▶ [Task requirements]
For this exercise, copy all the data exactly and include none of the pictures.

▶ [Available data]
——————————
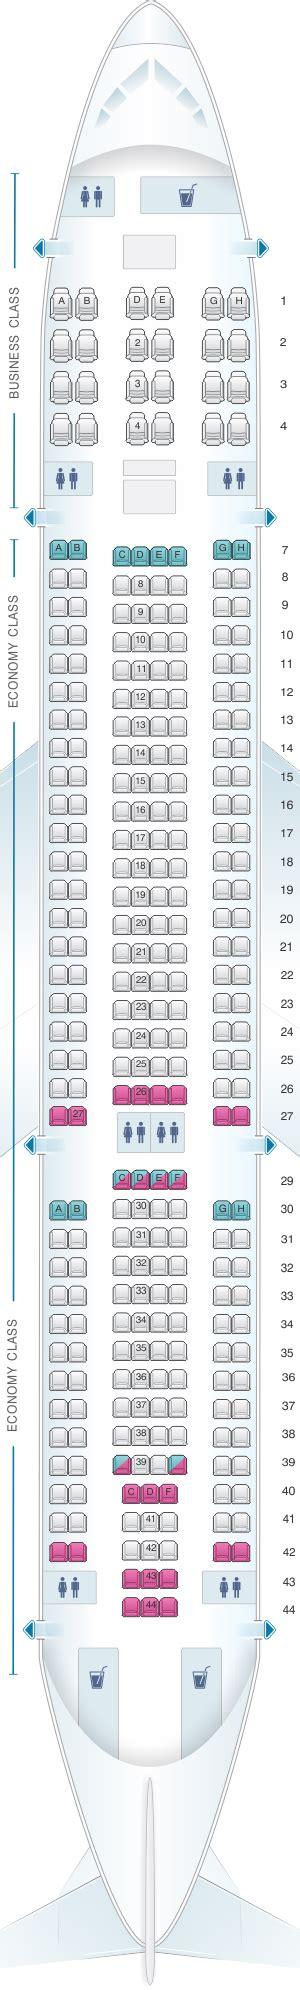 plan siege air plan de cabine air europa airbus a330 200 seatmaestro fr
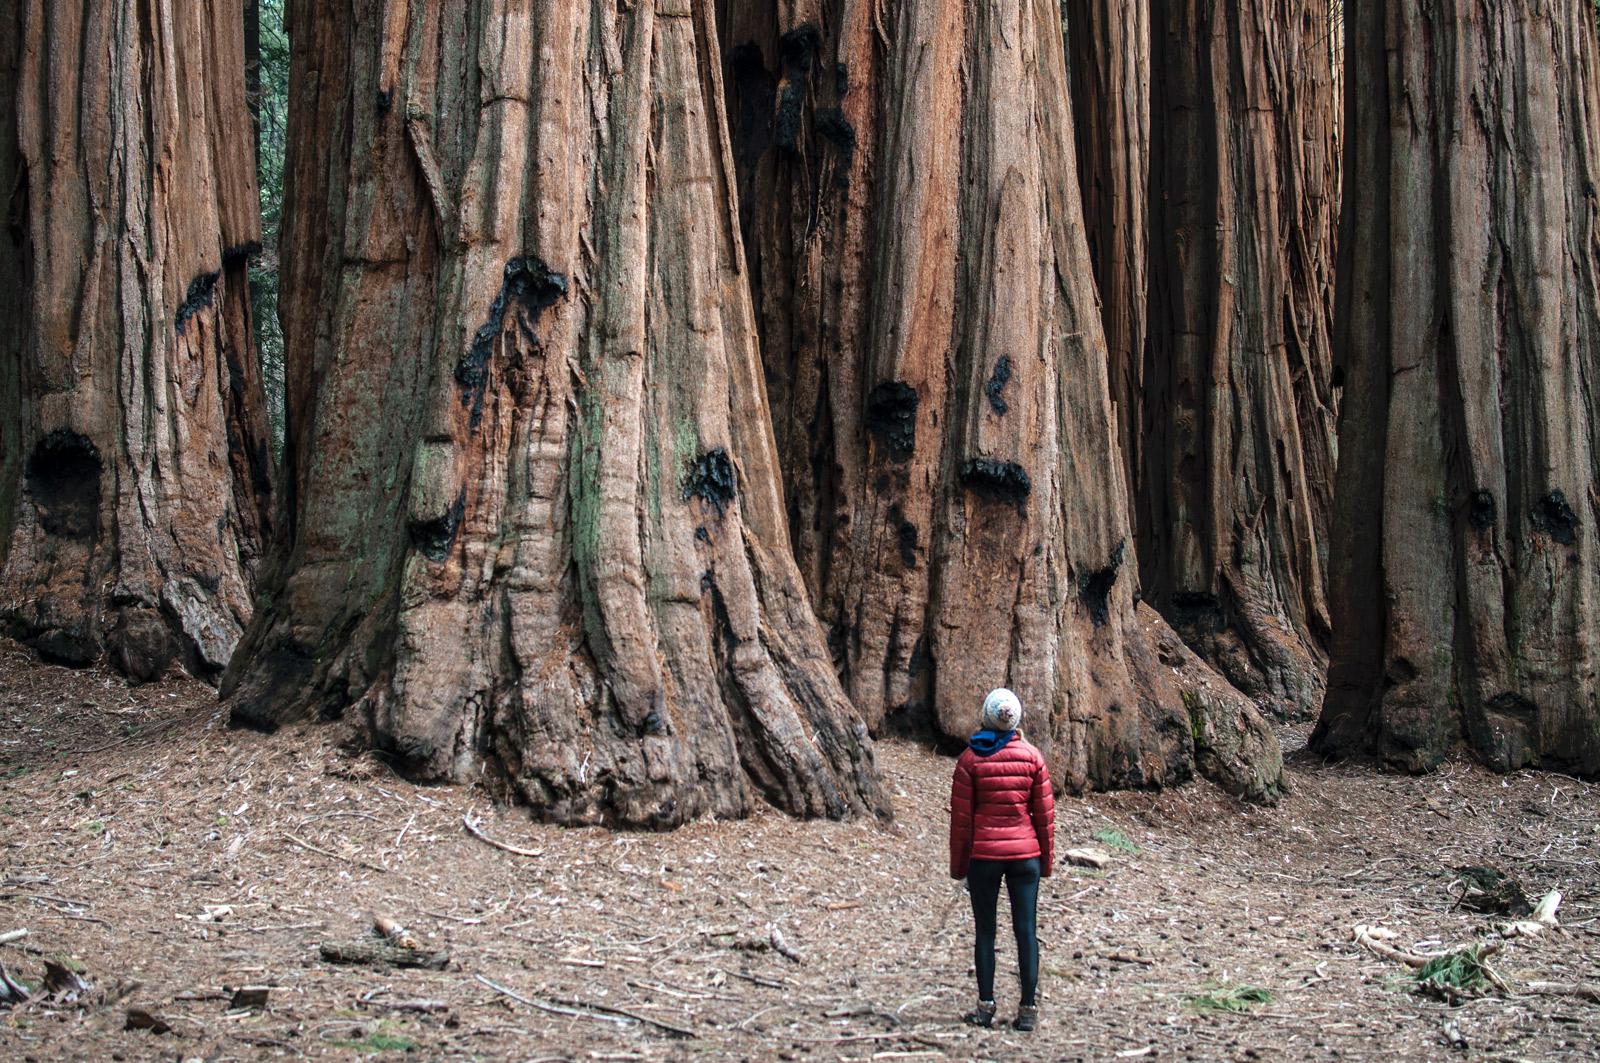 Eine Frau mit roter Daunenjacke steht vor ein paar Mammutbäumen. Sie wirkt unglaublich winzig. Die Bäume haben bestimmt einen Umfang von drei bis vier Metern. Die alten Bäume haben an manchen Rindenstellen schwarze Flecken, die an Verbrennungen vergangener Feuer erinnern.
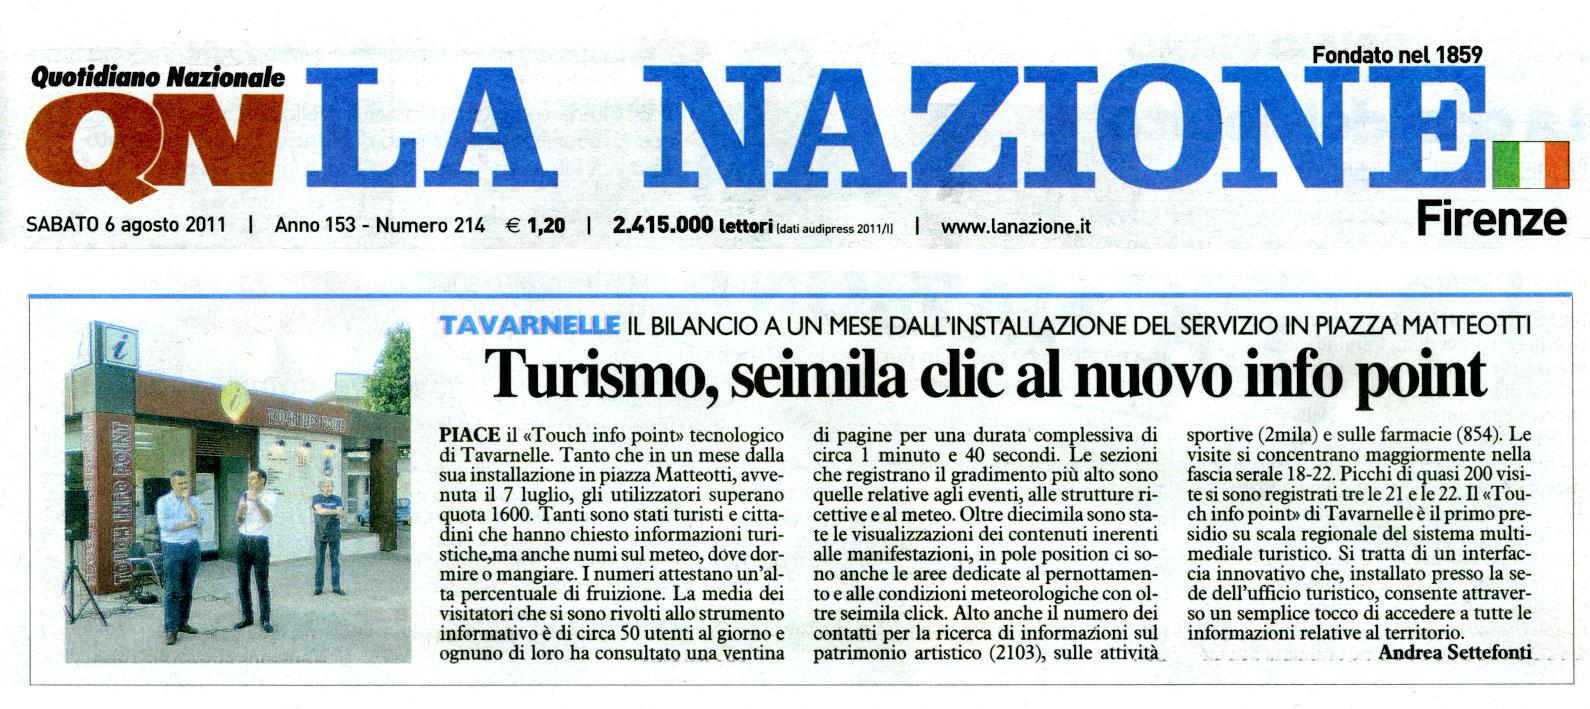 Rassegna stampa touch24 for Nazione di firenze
——————————
▶ [Exercise solution]
 plan siege air plan de cabine air europa airbus a330 200 seatmaestro fr
 Eine Frau mit roter Daunenjacke steht vor ein paar Mammutbäumen. Sie wirkt unglaublich winzig. Die Bäume haben bestimmt einen Umfang von drei bis vier Metern. Die alten Bäume haben an manchen Rindenstellen schwarze Flecken, die an Verbrennungen vergangener Feuer erinnern.
 Rassegna stampa touch24 for Nazione di firenze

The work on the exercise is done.